IDEAS home Printed from https://ideas.repec.org/a/plo/pcbi00/1003374.html
   My bibliography  Save this article

A Network Inference Method for Large-Scale Unsupervised Identification of Novel Drug-Drug Interactions

Author

Listed:
  • Roger Guimerà
  • Marta Sales-Pardo

Abstract

Characterizing interactions between drugs is important to avoid potentially harmful combinations, to reduce off-target effects of treatments and to fight antibiotic resistant pathogens, among others. Here we present a network inference algorithm to predict uncharacterized drug-drug interactions. Our algorithm takes, as its only input, sets of previously reported interactions, and does not require any pharmacological or biochemical information about the drugs, their targets or their mechanisms of action. Because the models we use are abstract, our approach can deal with adverse interactions, synergistic/antagonistic/suppressing interactions, or any other type of drug interaction. We show that our method is able to accurately predict interactions, both in exhaustive pairwise interaction data between small sets of drugs, and in large-scale databases. We also demonstrate that our algorithm can be used efficiently to discover interactions of new drugs as part of the drug discovery process.Author Summary: Over one in four adults older than 57 in the US take five or more prescriptions at the same time; as many as 4% are at risk of a major adverse drug-drug interaction. Potentially beneficial effects of drug combinations, on the other hand, are also important. For example, combinations of drugs with synergistic effects increase the efficacy of treatments and reduce side effects; and suppressing interactions between drugs, in which one drug inhibits the action of the other, have been found to be effective in the fight against antibiotic-resistant pathogens.

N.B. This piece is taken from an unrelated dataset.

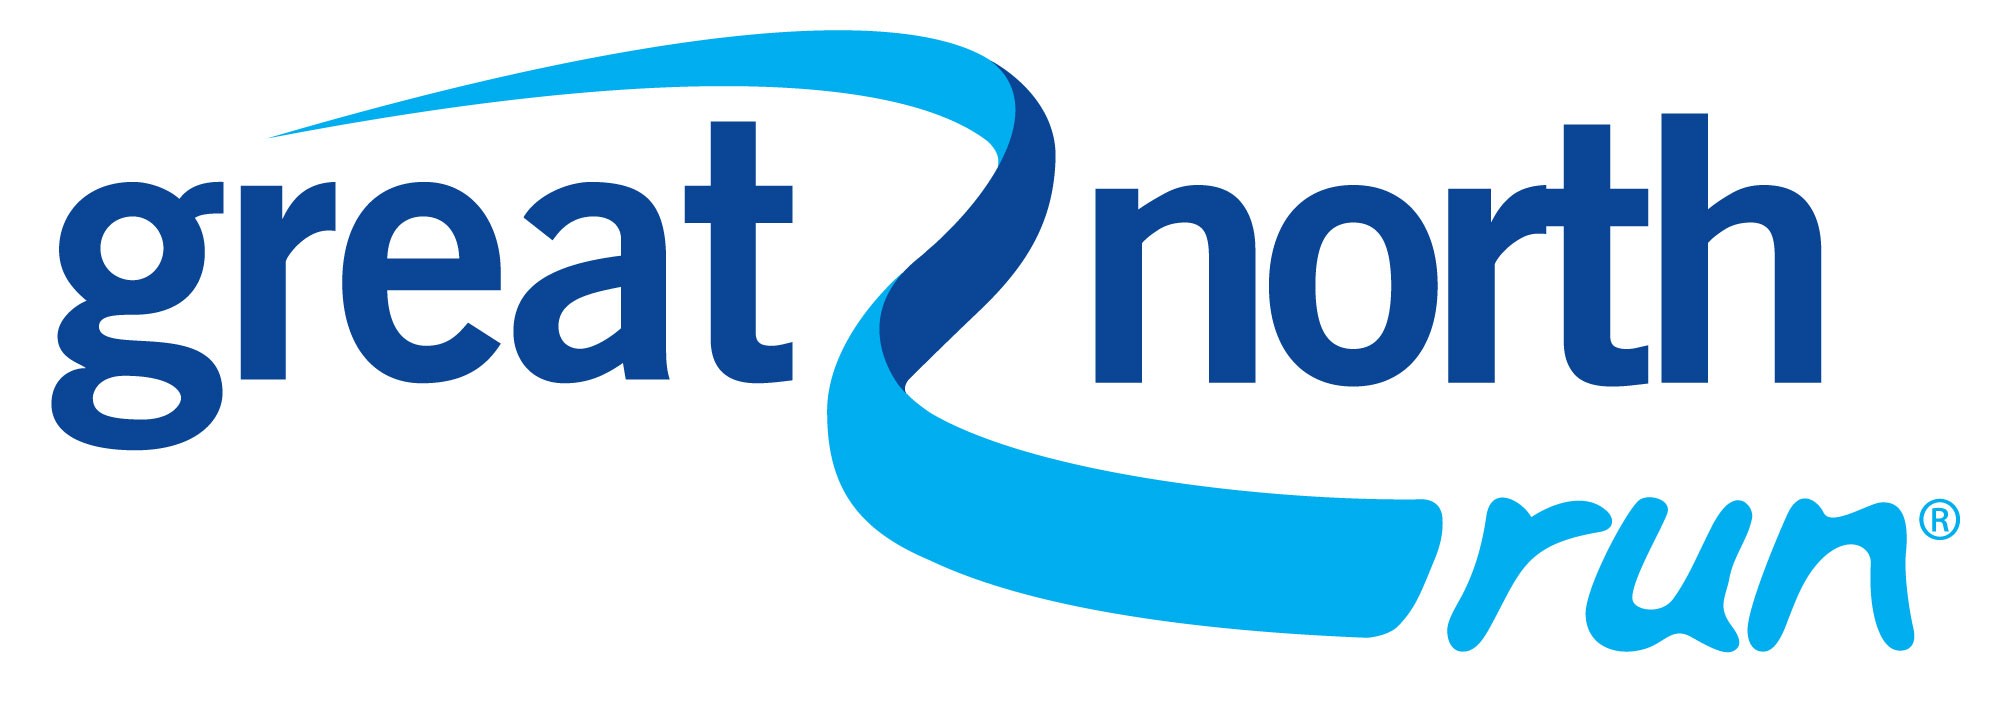 A copy of the Great North Run logo. Great North Run text in blue with a blue swirl through the text.

With thousands of drugs in the market, and hundreds or thousands being tested and developed, it is clear that we cannot rely only on experimental assays, or even mechanistic pharmacological models, to uncover new interactions. Here we present an algorithm that is able to predict such interactions. Our algorithm is parameter-free, unsupervised, and takes, as its only input, sets of previously reported interactions. We show that our method is able to accurately predict interactions, even in large-scale databases containing thousands of drugs, and that it can be used efficiently to discover interactions of new drugs as part of the drug discovery process.

Suggested Citation

  • Roger Guimerà & Marta Sales-Pardo, 2013. "A Network Inference Method for Large-Scale Unsupervised Identification of Novel Drug-Drug Interactions," PLOS Computational Biology, Public Library of Science, vol. 9(12), pages 1-9, December.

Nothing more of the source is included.